Die Pachtanteile bei landwirtschaftlichem Boden sind in den meisten Ländern der EU bereits sehr hoch und steigen weiter an. Daher erscheint es wichtig, den Einfluss von Besitzverhältnissen auf das Landnutzungsverhalten der Landwirte zu verstehen, um, wenn nötig, entsprechende Gegenmaßnahmen zu setzen. Eine solche Möglichkeit sind freiwillige Agrarumweltprogramme, die Landwirten einen monetären Anreiz für umweltfreundliche Produktionsverfahren bieten.
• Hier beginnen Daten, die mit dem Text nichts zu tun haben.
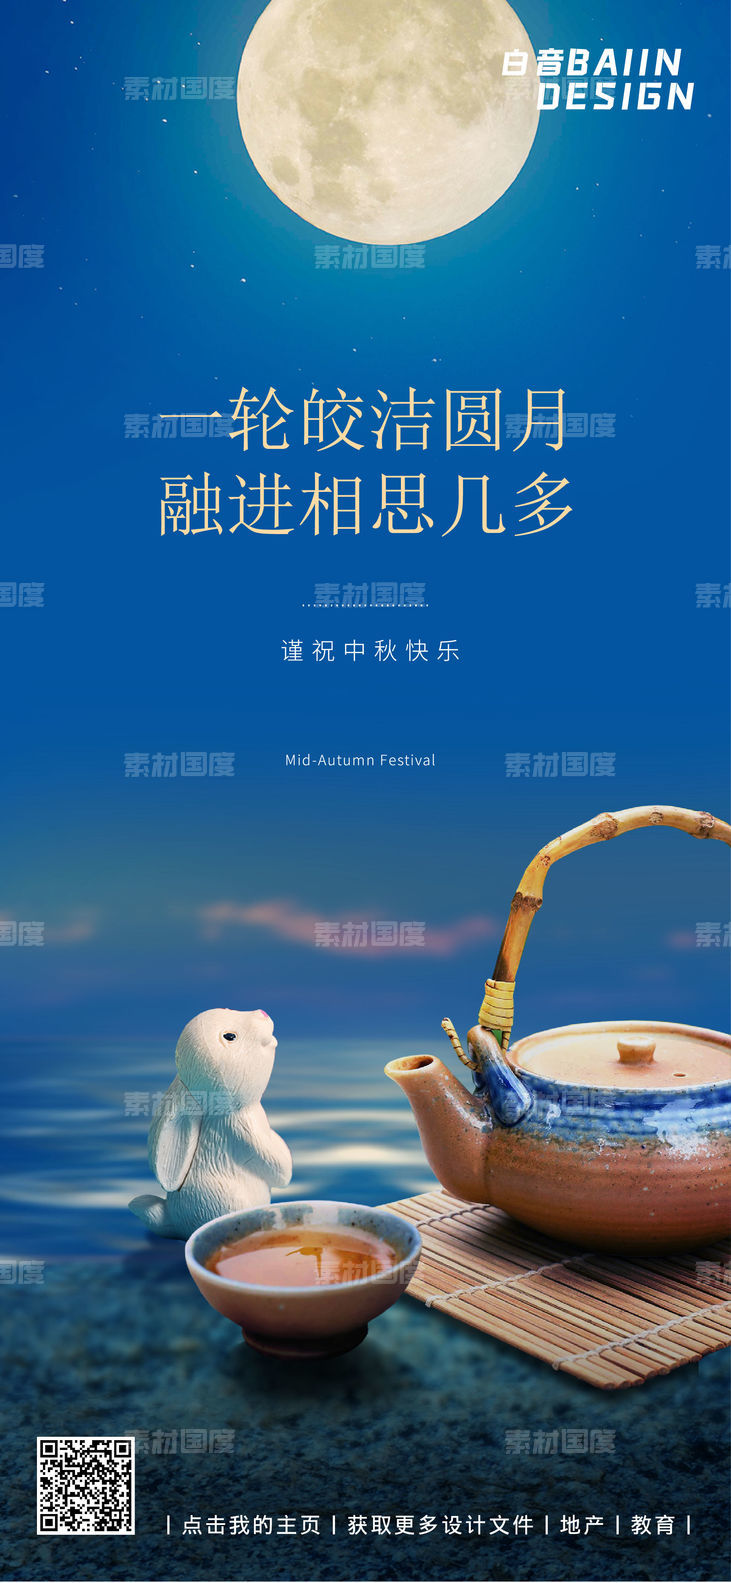 中秋节祝福摄影图宣传

Vor diesem Hintergrund versucht dieses Forschungsprojekt den Einfluss von Eigentumsrechten und Agrarumweltprogrammen auf das Verhalten der Landwirte bezüglich des Bodenschutzes zu erforschen. Unter anderem stellen wir uns folgende Fragen: 1) Wie wirken sich Eigentumsrechte und Vertragslaufzeiten auf die angebaute Pflanzenart und die Fruchtfolge aus? 2) Inwieweit spielt das Eigentumsverhältnis bei der Teilnahme an Agrarumweltprogrammen eine Rolle? 3) Gibt es einen positiven oder einen negativen Zusammenhang zwischen der ökonomischen Effizienz und der Umwelteffizienz landwirtschaftlicher Betriebe, und welche Rolle spielen dabei Eigentumsverhältnisse? 4) Was für einen Bezug zur Natur haben Landwirte, und hängt ihr tatsächliches Landnutzungsverhalten bzw. ihre Teilnahme an Agrarumweltprogrammen damit zusammen? 5) Können wir unterschiedliche Typen von Landwirten identifizieren, die man eventuell auf unterschiedliche Art und Weise zu umweltgerechteren Verhalten motivieren kann?

Um diese Fragen zu beantworten, greifen wir sowohl auf ökonomische als auch auf sozialpsychologische Theorien und Modelle zurück. Wir versuchen diese Methoden zu erweitern, und an die Entscheidungssituation relativ kleiner Nebenerwerbs- bzw. Familienbetriebe, deren Handeln eng mit der Natur verknüpft ist, anzupassen. Der empirische Teil unserer Arbeit basiert auf einer sehr umfangreichen und außergewöhnlich guten Datenbasis. Einerseits verwenden wir einen Datensatz, der für ganz Österreich über mehrere Jahre die Anbauentscheidung der Landwirte auf einzelnen Feldern beinhaltet. Andererseits verbinden wir ökonomische Daten aus den Buchführungsergebnissen einzelner Betriebe mit Daten aus einer sozialpsychologisch motivierten Befragung dieser Landwirte.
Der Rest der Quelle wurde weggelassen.